Vice Chancellor at University of New England, Annabelle Duncan, told TechnologyOne that the Australian higher education sector needs to evolve to meet the changing demands of students. University of New England is recognised as a leading innovator in flexible online study.
“Forward-thinking universities are embracing online study and making schooling more flexible to meet the needs of their students,” Ms Duncan said.
“Students are comfortable with using technology; in fact, they expect it. We need to offer them a flexible way of university learning that can be done from a smartphone or tablet, on a plane, at work, on the train, etc.
“Universities are businesses and they need to run that way. We need to think of our students as customers and become more student-centric, to ensure what and how we teach is responsive to student needs,” Vice Chancellor Duncan said.
Victoria University’s Teresa Tjia called for greater industry collaboration stating software providers could play a key role in supporting the education sector, by being ahead of the curve and understanding student expectations.
“Student expectations are changing rapidly, and I think the real point of differentiation for technology vendors will be understanding those expectations,” Ms Tjia, the University’s Vice President and Registrar said.
“Technologies like cloud and Software as a Service are now an expected part of the service; the next phase is having a technology partner that’s invested in the relationship, innovation and focused on the student experience.”
Ms Tjia said her university was adapting to digital disruption with the introduction of a newly-launched ‘block’ model of teaching. Victoria University is one of the first in Australia to embrace the innovative, internationally-proven model.
“It offers students a way of study that is sequential and intensive, for example, studying one course in four weeks and then taking a break, rather than studying four subjects concurrently across a whole semester.
“Our biggest challenge in the higher education sector today is relevance, and finding ways to stay relevant at a time when information is ubiquitous. That’s why it’s important to be adaptable and flexible to meet changing student expectations,” Ms Tjia said.
The EY research incorporates interviews and workshops with more than 50 university leaders, policymakers and observers, and surveys of more than 3000 students and employers. The report finds that disruption threatens to make the dominant Australian university model ‘unviable’, particularly in light of the impact of digital technologies.
According to research and development (R&D) evangelist at TechnologyOne, Matt Deshon, today’s university graduates are actually shaping the next generation of enterprise software solutions. TechnologyOne’s two largest markets are local government and higher education, with 60 per cent of Australian universities, and 64 per cent of TAFEs, using TechnologyOne software.

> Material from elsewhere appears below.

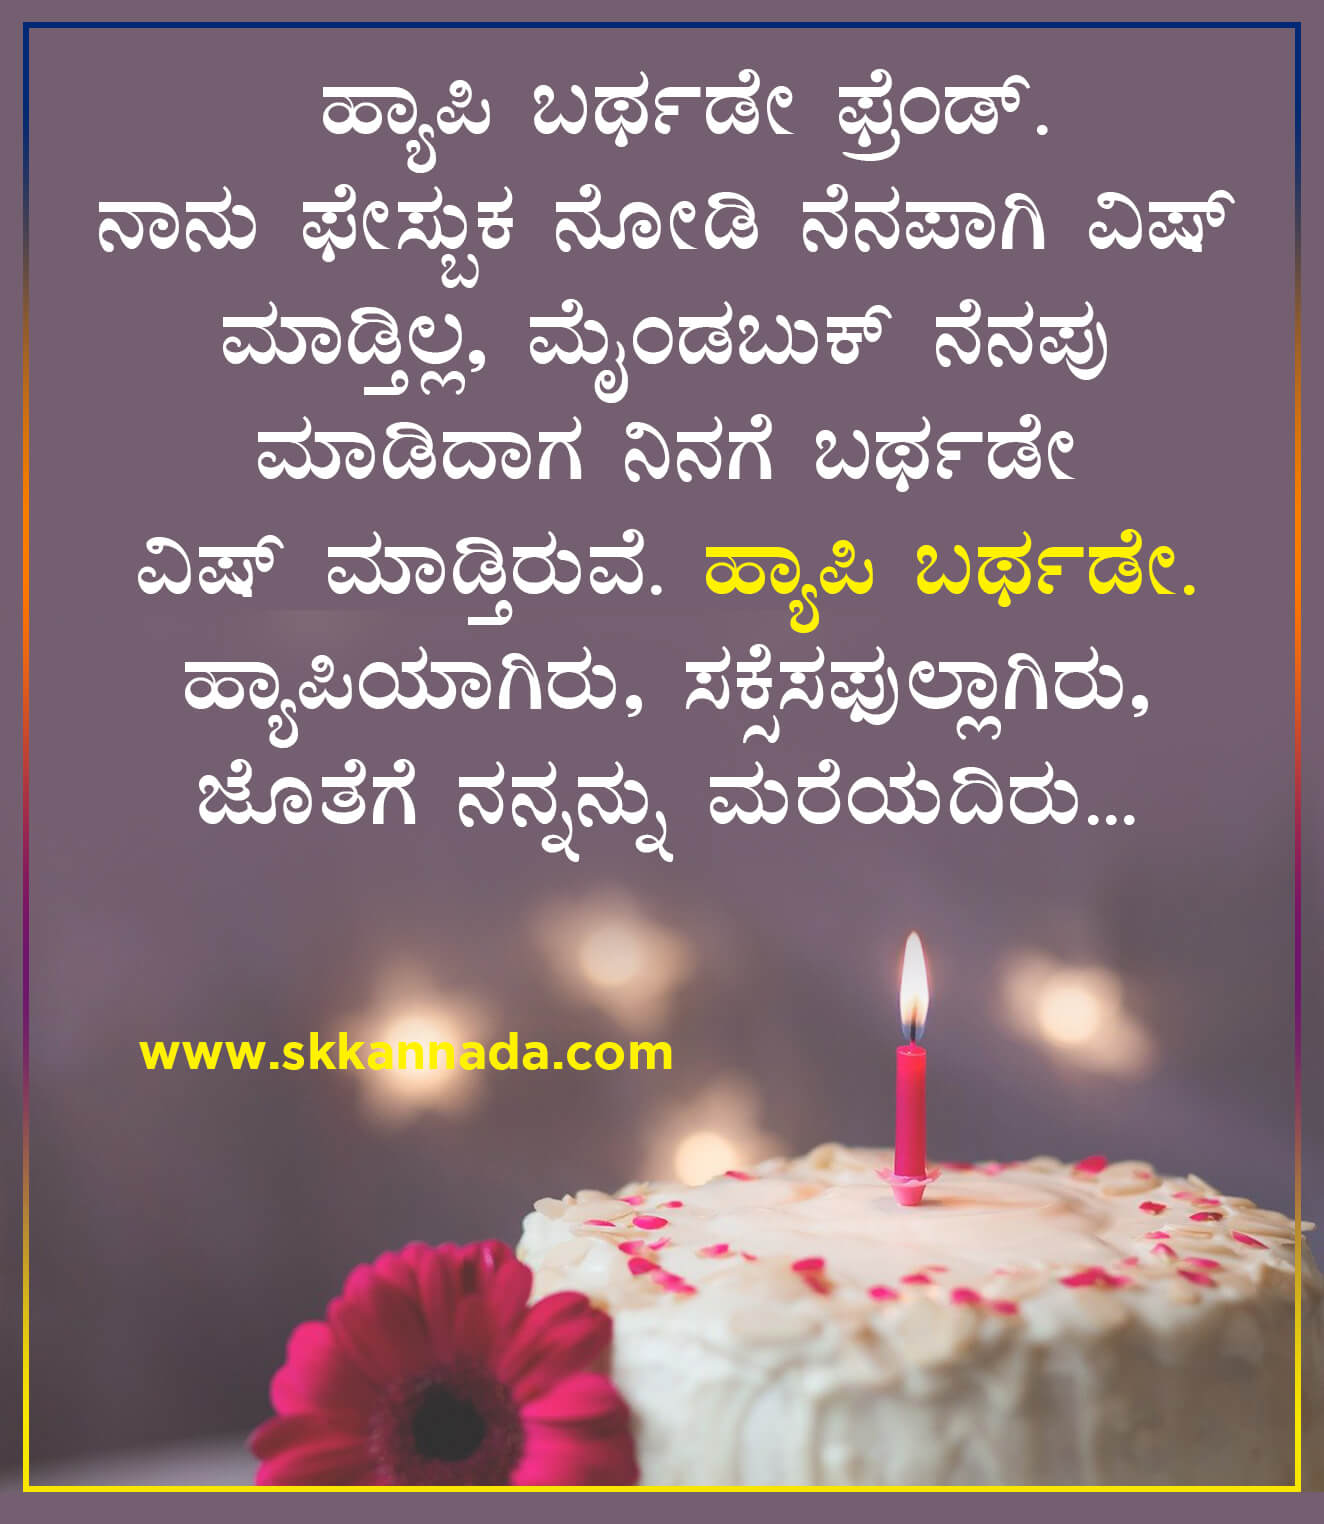 Happy Birthday Wishes in Kannada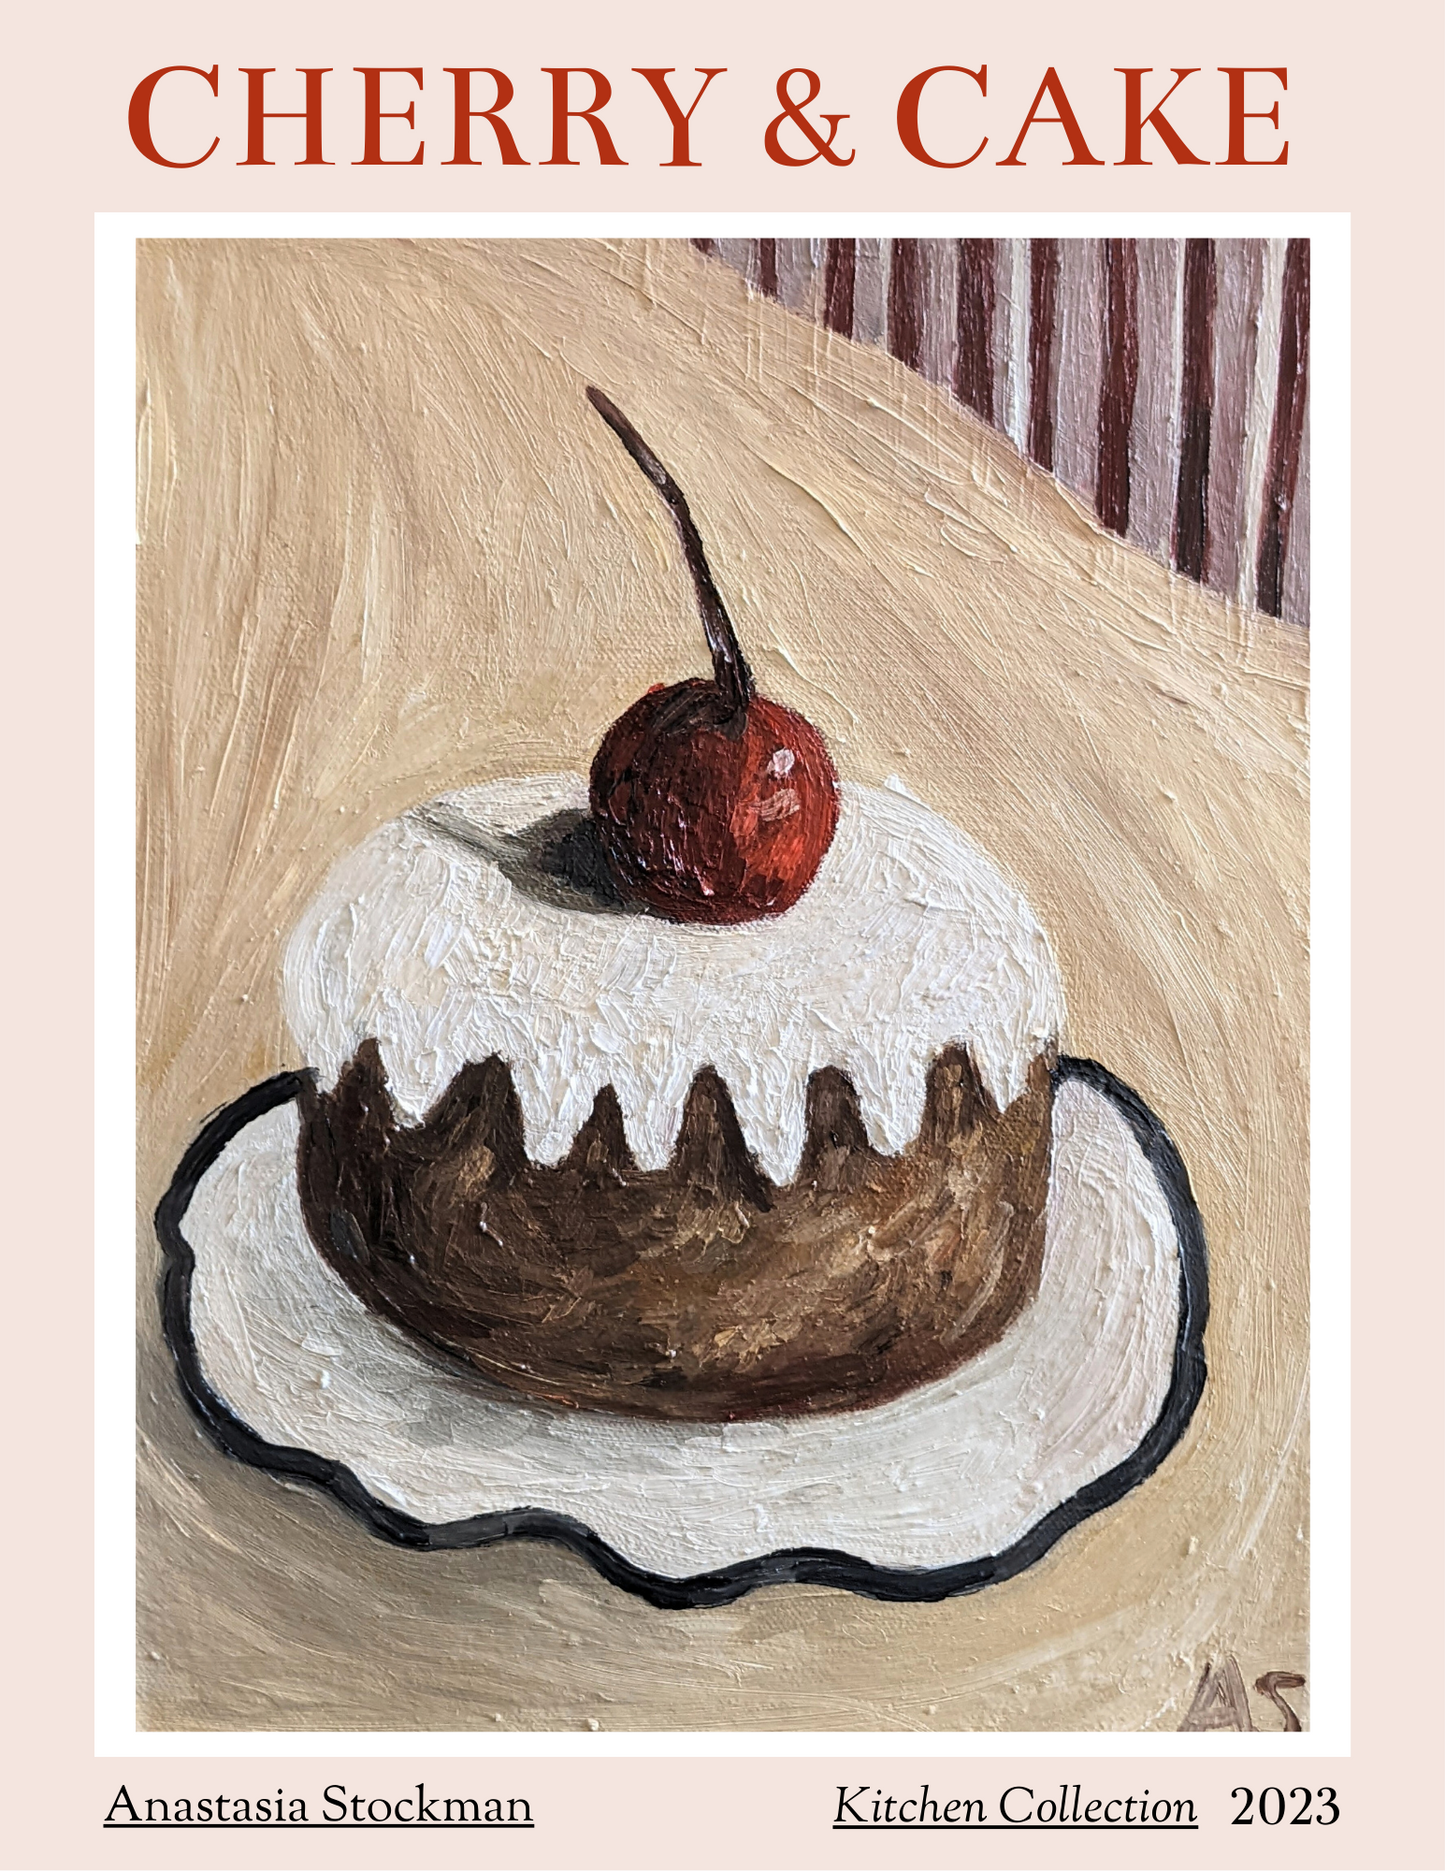 Print - Cherry & Cake

Mr Deshon told leaders of Australian universities at the Universities Australia 2018 Higher Education Conference, that it is their graduates who will be the key to meeting changing student expectations.
“Australian universities produce amazing graduates in the information technology discipline,” Mr Deshon said. “Having been recently immersed in the current Australian university model, and understanding its strengths and pitfalls, there are no better champions of change than this new generation of technology innovators.
“Australia is fast gaining a reputation for creative and innovative technologies. We believe we need to actively foster a diverse and vibrant ICT industry and engage early with Australia’s youngest and brightest minds in STEM subjects to develop the software solutions of our future.”
Victoria University and the University of New England are both users of TechnologyOne’s enterprise software, built specifically for the education sector.